Software & Data Management
The proprietary EMS-ET Data Manager software provides cross-platform (Windows/macOS/Linux) support for firmware configuration, real-time telemetry visualization, gap-filling interpolation, statistical aggregation (hourly/daily means, min/max, regression, correlation matrices), and export to CSV, NetCDF, or SQL formats. Time-series analysis includes automated diurnal pattern detection, stress index derivation (e.g., crop water stress index, CWSI), and fluorescence parameter normalization against ambient PAR and leaf temperature. Audit logs record all user actions, parameter changes, and firmware updates. Cloud synchronization enables role-based access control (RBAC), RESTful API integration with LIMS or GIS platforms, and automated alerting via SMTP/SMS upon threshold violation (e.g., sustained stomatal conductance decline >20% over 48 h).
Applications
- Quantifying drought response mechanisms across genotype panels in field-based phenotyping trials
- Validating evapotranspiration models (e.g., Penman-Monteith) using direct sap flow and micrometeorological inputs
- Assessing photoinhibitory damage under UV-B exposure or heavy metal stress via kinetic chlorophyll fluorescence profiling
- Monitoring root architectural plasticity in response to nitrogen gradient treatments using time-lapse rhizotron imagery
- Calibrating remote-sensing indices (e.g., NDVI, PRI) against ground-truthed physiological metrics
- Supporting IPCC AR6-relevant flux studies on carbon–water coupling in agroforestry systems
FAQ
Is the EMS-ET system suitable for deployment in remote off-grid locations?

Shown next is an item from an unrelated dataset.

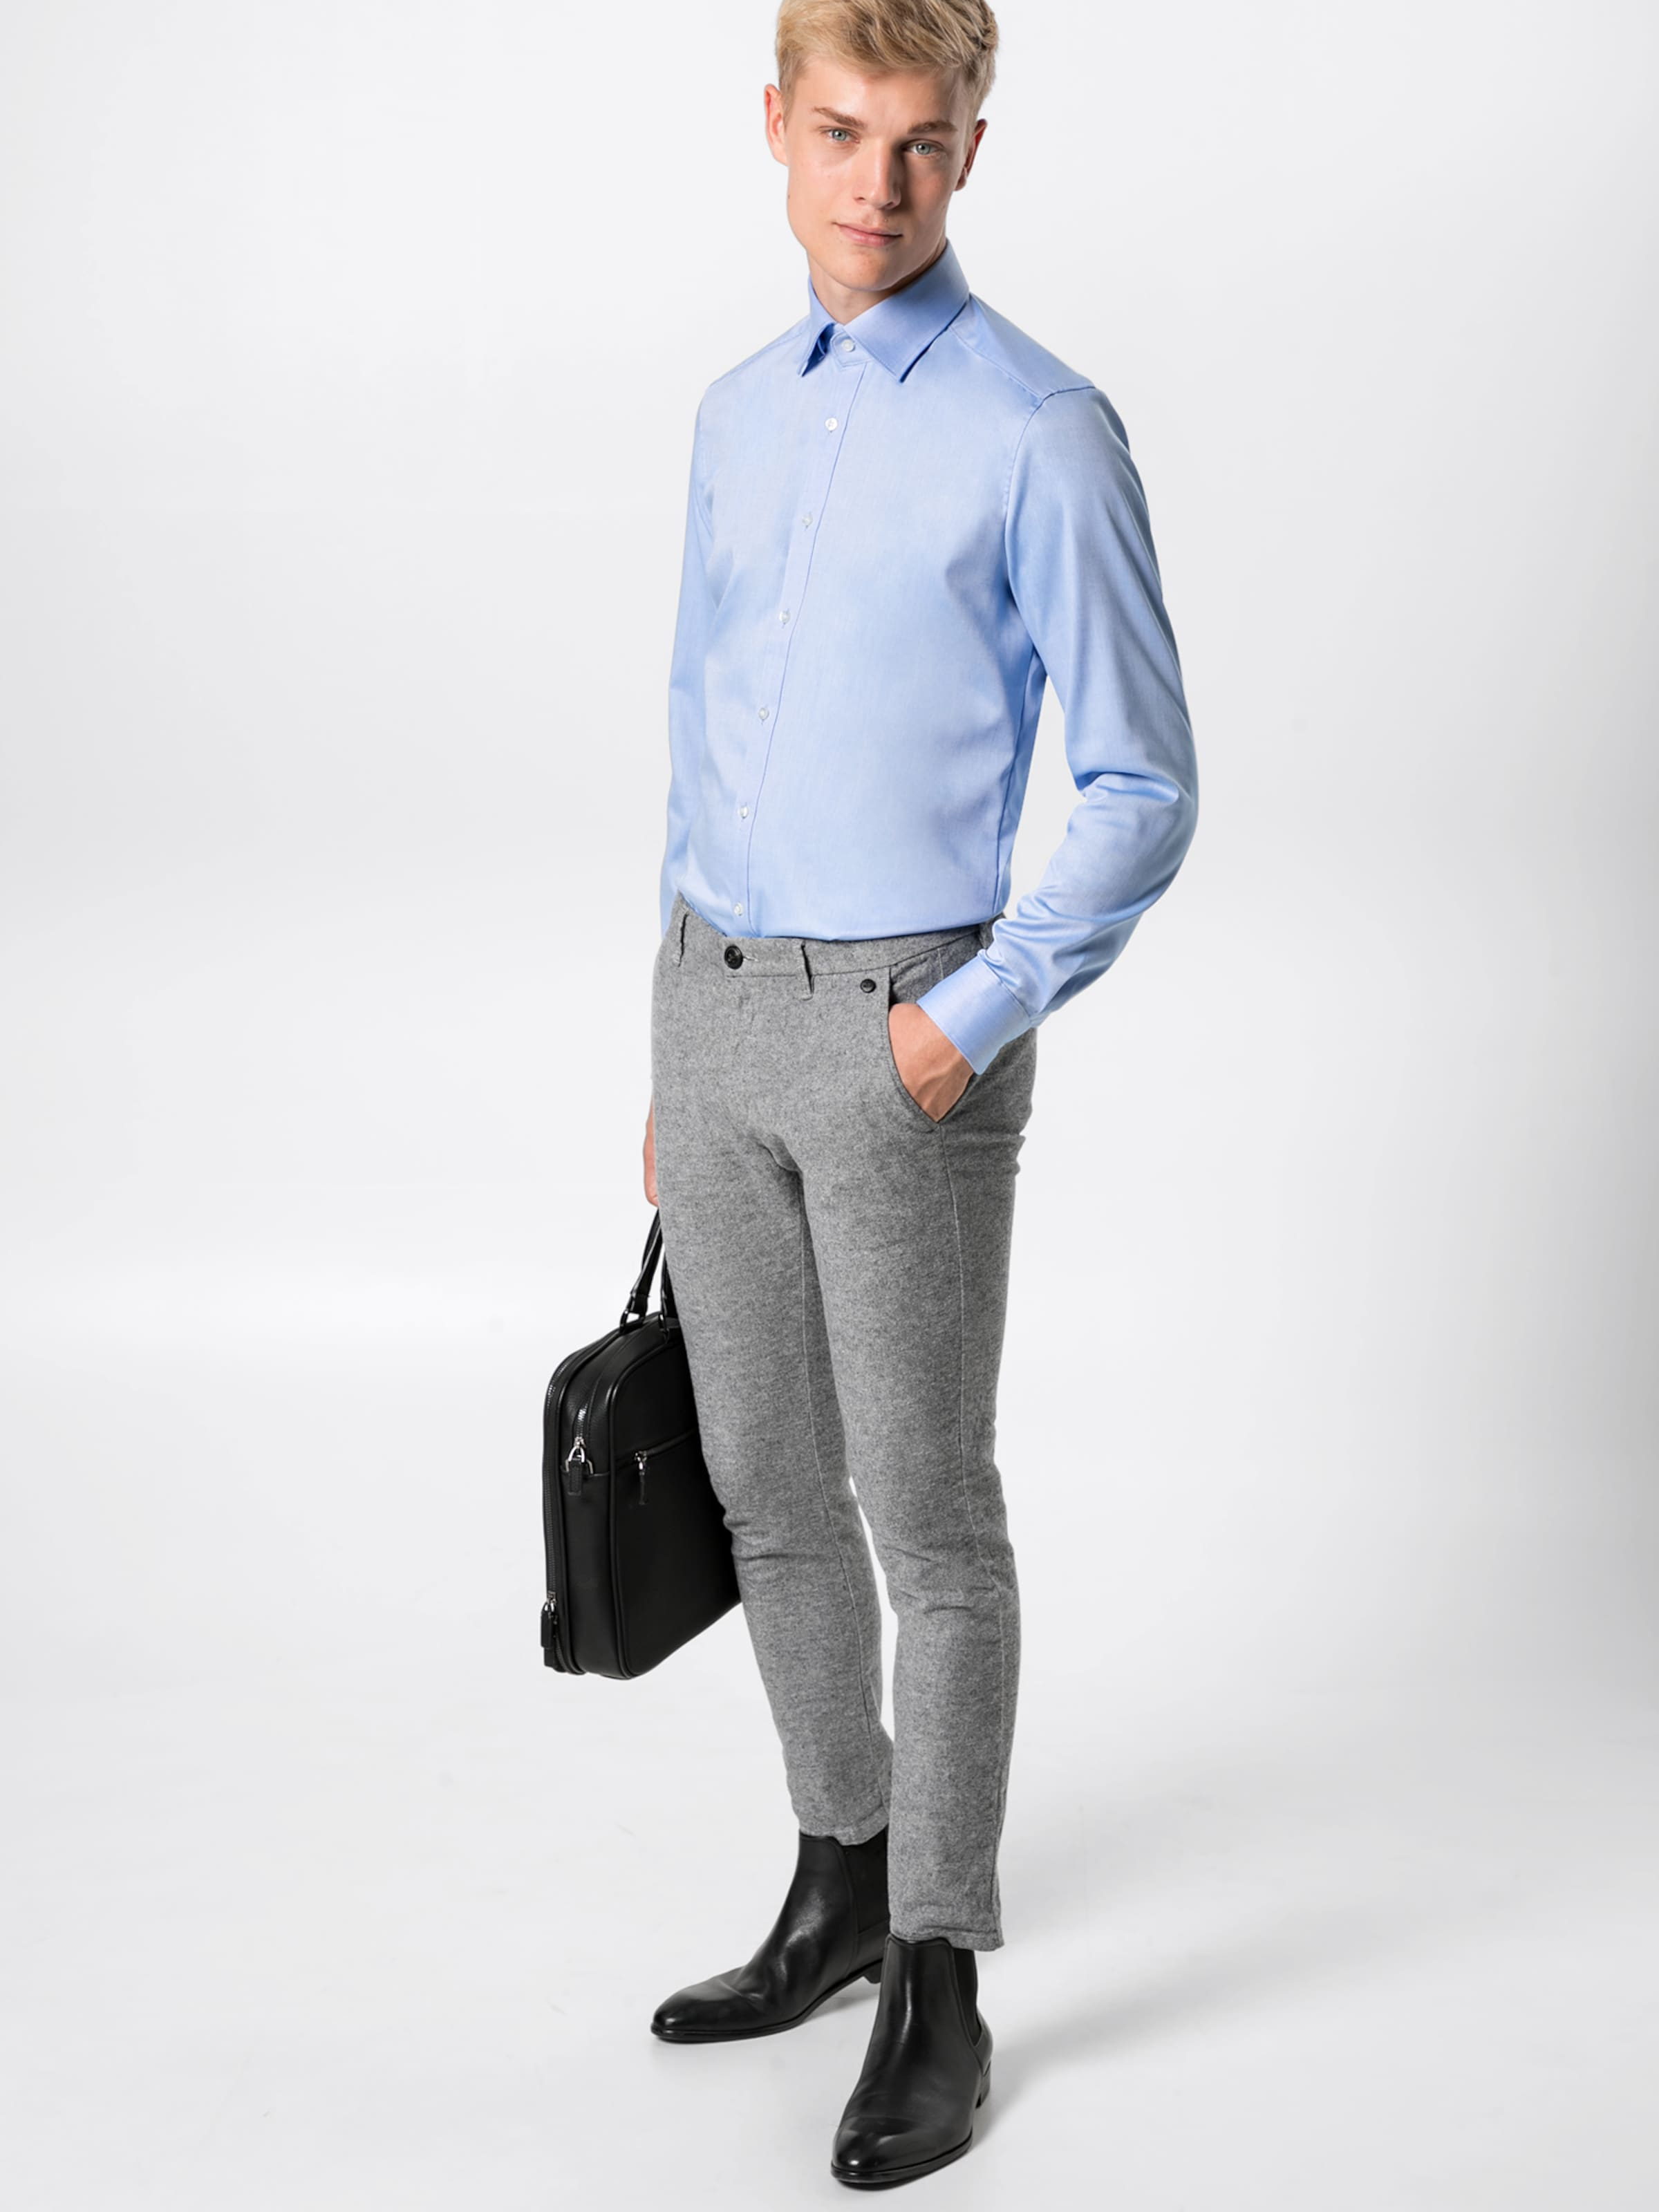 'level Twill' En Bleu Business 5 Olymp Uni Chemise rBsQhCotdx

Yes—its ultra-low-power design, wide-temperature-rated components, and dual-energy options (solar + Li battery) enable continuous operation without grid connectivity for >12 months.

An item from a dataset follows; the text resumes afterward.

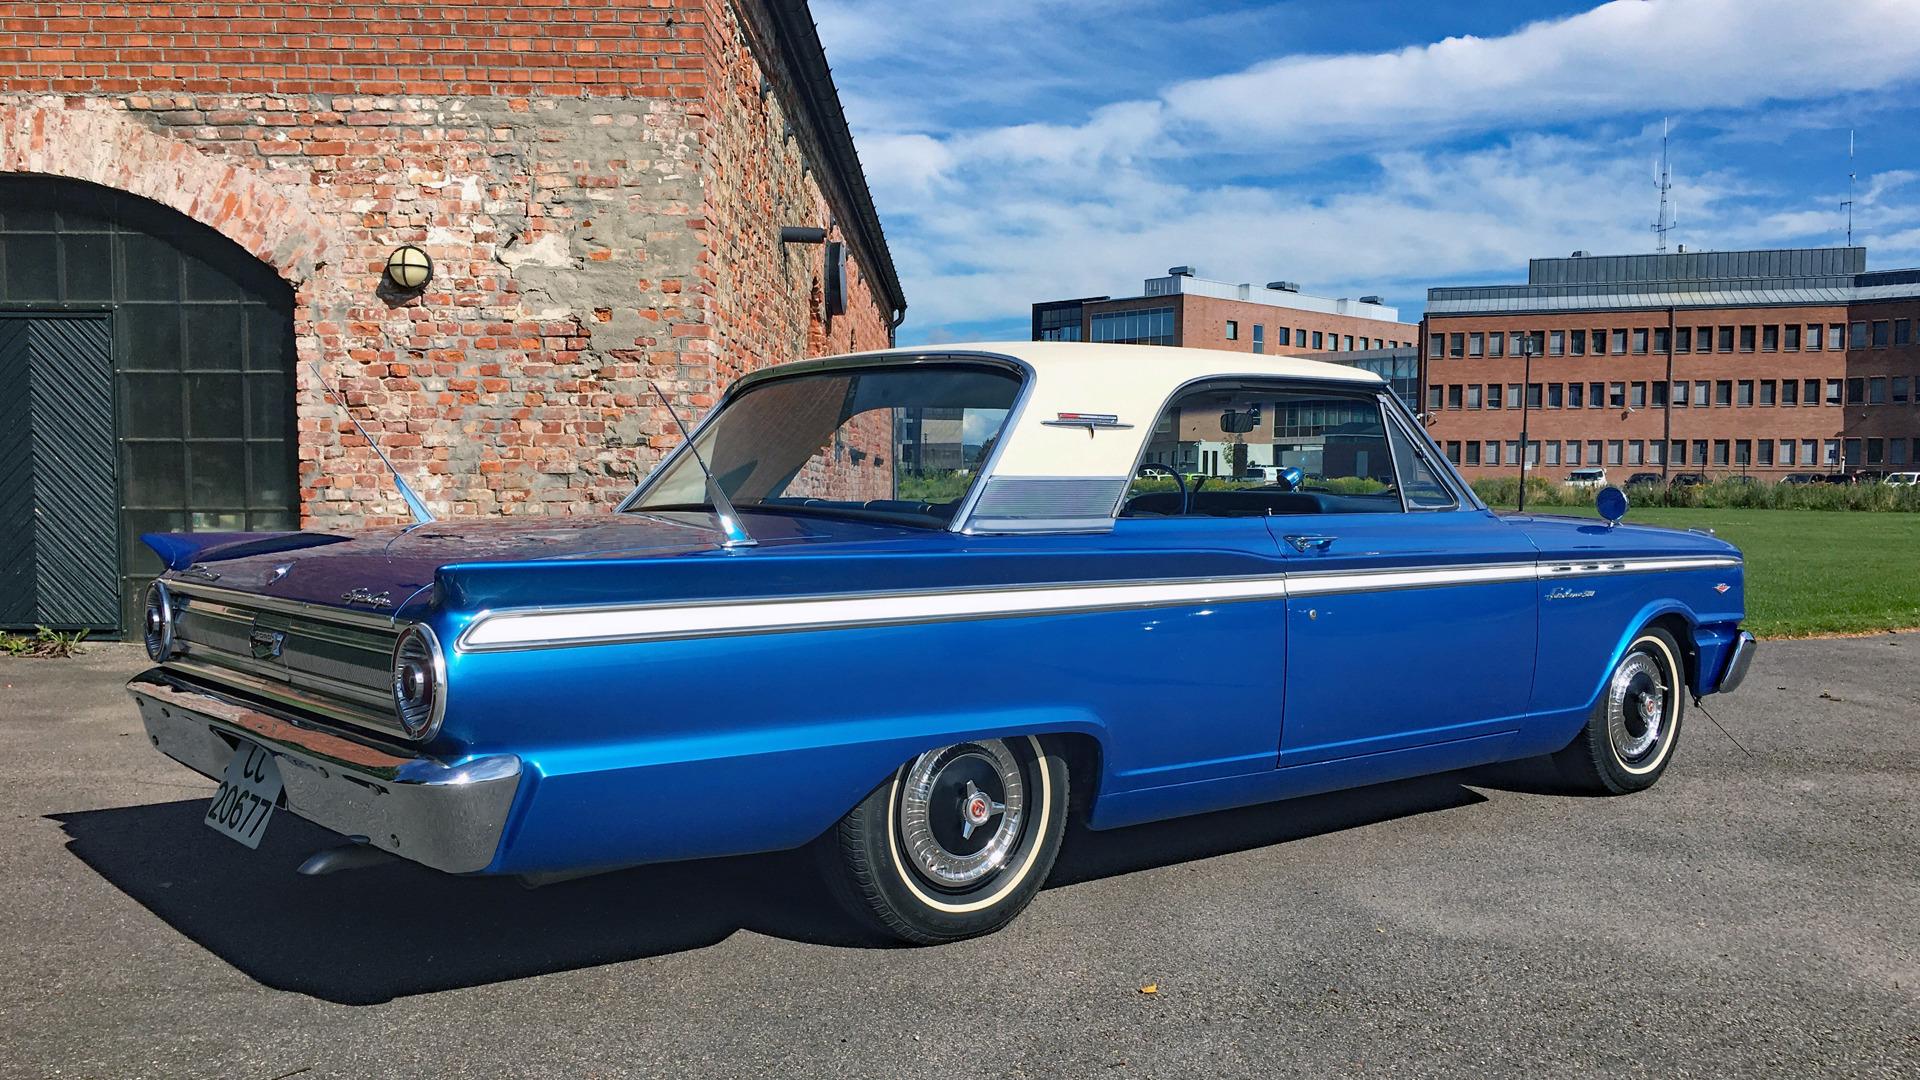 184-1963 Ford Fairlane 500 Sports Coupe 02. Eier-

Can the chlorophyll fluorescence module operate autonomously without external triggering?
Yes—the unit features an internal RTC and programmable scheduler, enabling unattended OJIP acquisition at user-defined intervals without host PC connection.

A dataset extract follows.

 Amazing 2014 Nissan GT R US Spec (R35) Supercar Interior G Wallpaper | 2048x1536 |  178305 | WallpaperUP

Does the system support third-party sensor integration beyond the listed modules?
Yes—via analog voltage/current inputs, SDI-12, RS-485 Modbus RTU, and custom ASCII protocols; technical documentation includes register maps and calibration templates.
How is data security ensured during wireless transmission?
All 4G/EDGE/GPRS sessions employ TLS 1.2+ encryption; cloud storage utilizes AES-256 at rest; local SD cards support hardware-level write-protection switches.
What level of technical support is provided post-purchase?
Includes lifetime firmware updates, remote diagnostics via TeamViewer-assisted session, and access to an online knowledge base with SOPs, calibration videos, and peer-reviewed application notes.